Protect the Arctic Refuge
Protect the Arctic Refuge
Turns out, not even the fossil fuel industry wants to drill the Arctic Refuge.
The fight to protect the Arctic National Wildlife Refuge has been long, and your voice has been essential at every turn.
When Secretary Burgum announced plans in October 2025 to auction off 1.56 million acres of the Arctic Refuge for oil and gas drilling, more than 6,000 of you took action. Together, we hand-delivered a 74-page petition to lawmakers in D.C., calling for permanent protections. Lease sale nominations opened, the deadline passed, and then the industry spoke.
For the third time, a lease sale in the Arctic National Wildlife Refuge failed to attract meaningful industry interest. The Bureau of Land Management held the oil and gas lease sale on June 5, 2026, resulting in five leases and $3.7 million in total receipts. Only two entities bid on five of the 58 tracts available. That’s under 0.4% of the nearly $1 billion promised in the 2017 Tax Cuts and Jobs Act when Congress first opened the Arctic Refuge.

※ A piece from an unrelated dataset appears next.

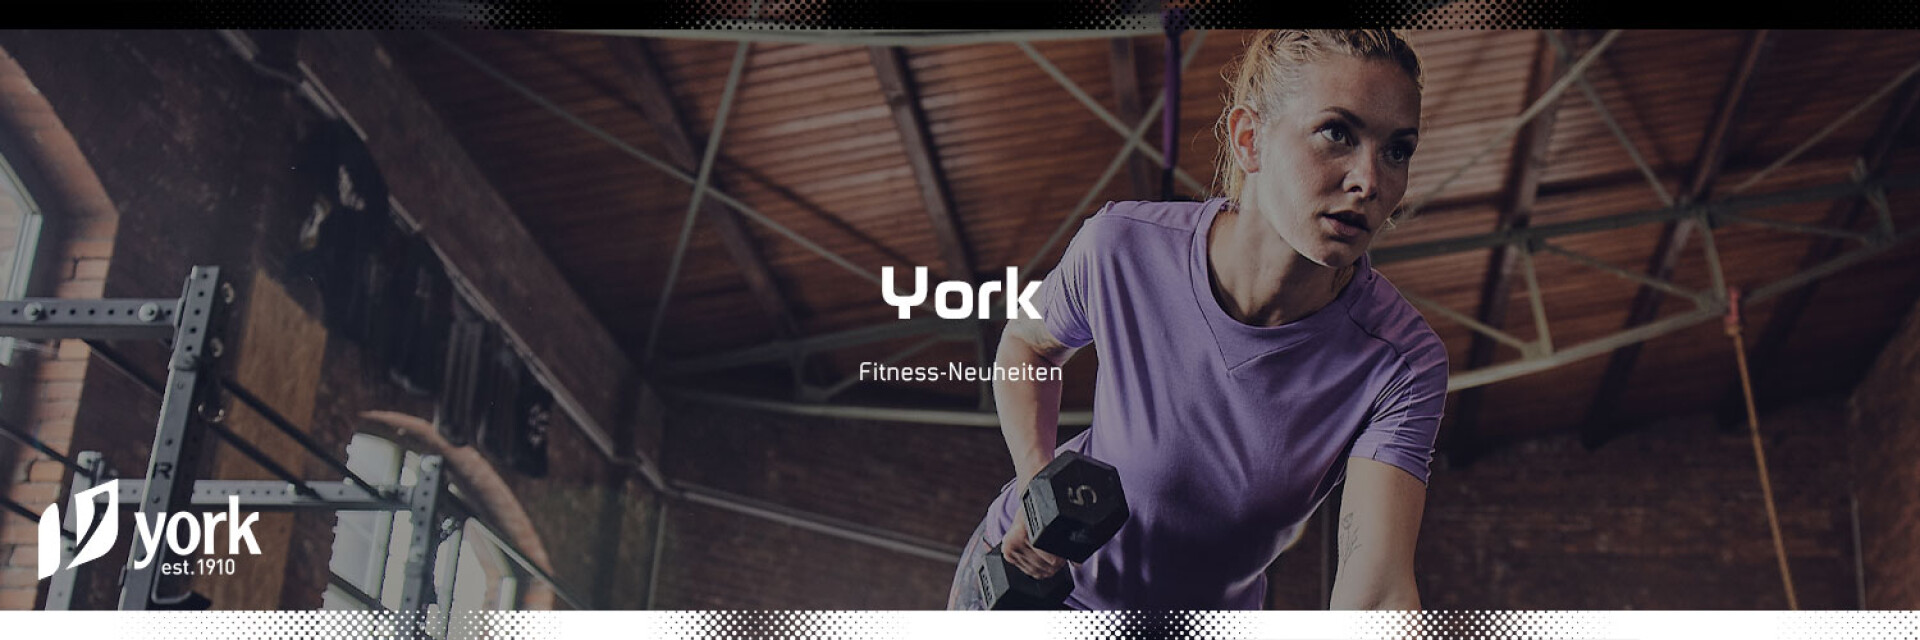 York Fitness bei SPORT 2000
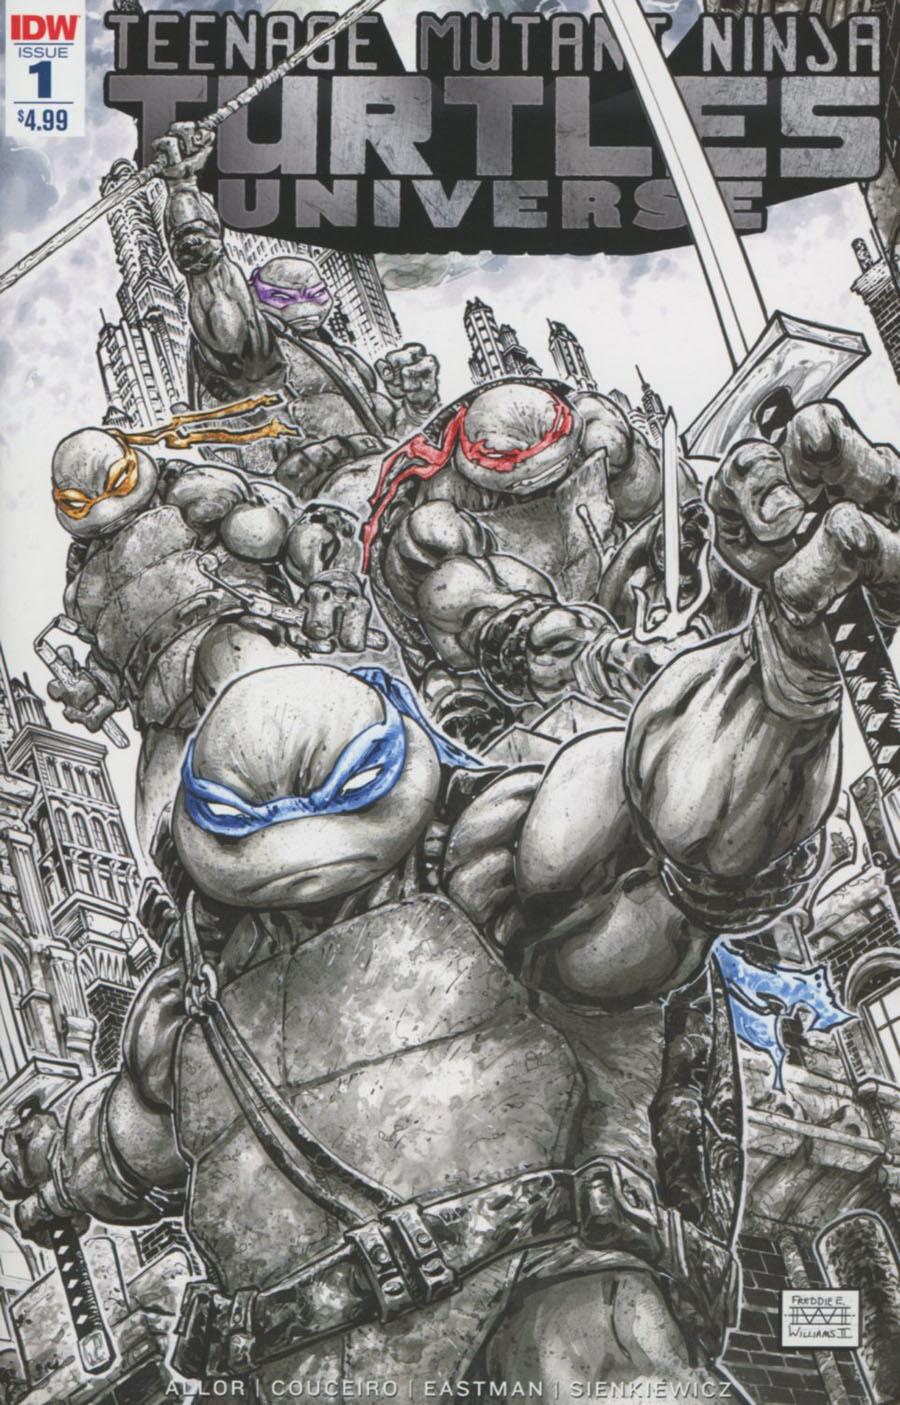 Teenage Mutant Ninja Turtles Universe #1 Cover F 2nd Ptg Freddie Williams Variant Cover

All major oil companies declined to participate, confirming that developing this remote, iconic landscape is widely recognized as an impractical response to current energy challenges.
Three failed lease sales prove that drilling in the Arctic Refuge is a reckless political project, not an economic one.
The coastal plain of the Arctic Refuge is one of the most ecologically important landscapes left in North America. It is the calving ground of the Porcupine Caribou Herd and home to polar bears, musk oxen, migratory birds, wolves, and countless species that depend on an intact Arctic ecosystem.
At POW, we’ve always known that this land is too important to industrialize. Now, even the market has spoken.
Three failed lease sales are enough, but this fight is not over. As the administration pushes forward, POW and our partners will closely monitor what comes next, including:
- Continuing to push Congress to permanently protect the Arctic Refuge and repeal the mandate requiring future lease sales.
- Monitoring seismic testing and early industrial plans in the Arctic Refuge and NPR‑A. This is often the first action that opens the way for heavy machinery and devastating damage to the fragile Arctic ecosystems.
- Holding corporations and financial institutions accountable for Arctic extraction schemes threatening public lands, wildlife, and Indigenous communities.
- Mobilizing the Outdoor State to demand clean air, clean water, and protected public lands.
Stay tuned for upcoming opportunities to take action and help defend the Arctic from the next wave of industrial threats.
The Arctic is not a sacrifice zone.
Thank you for continuing to stand with us in this fight.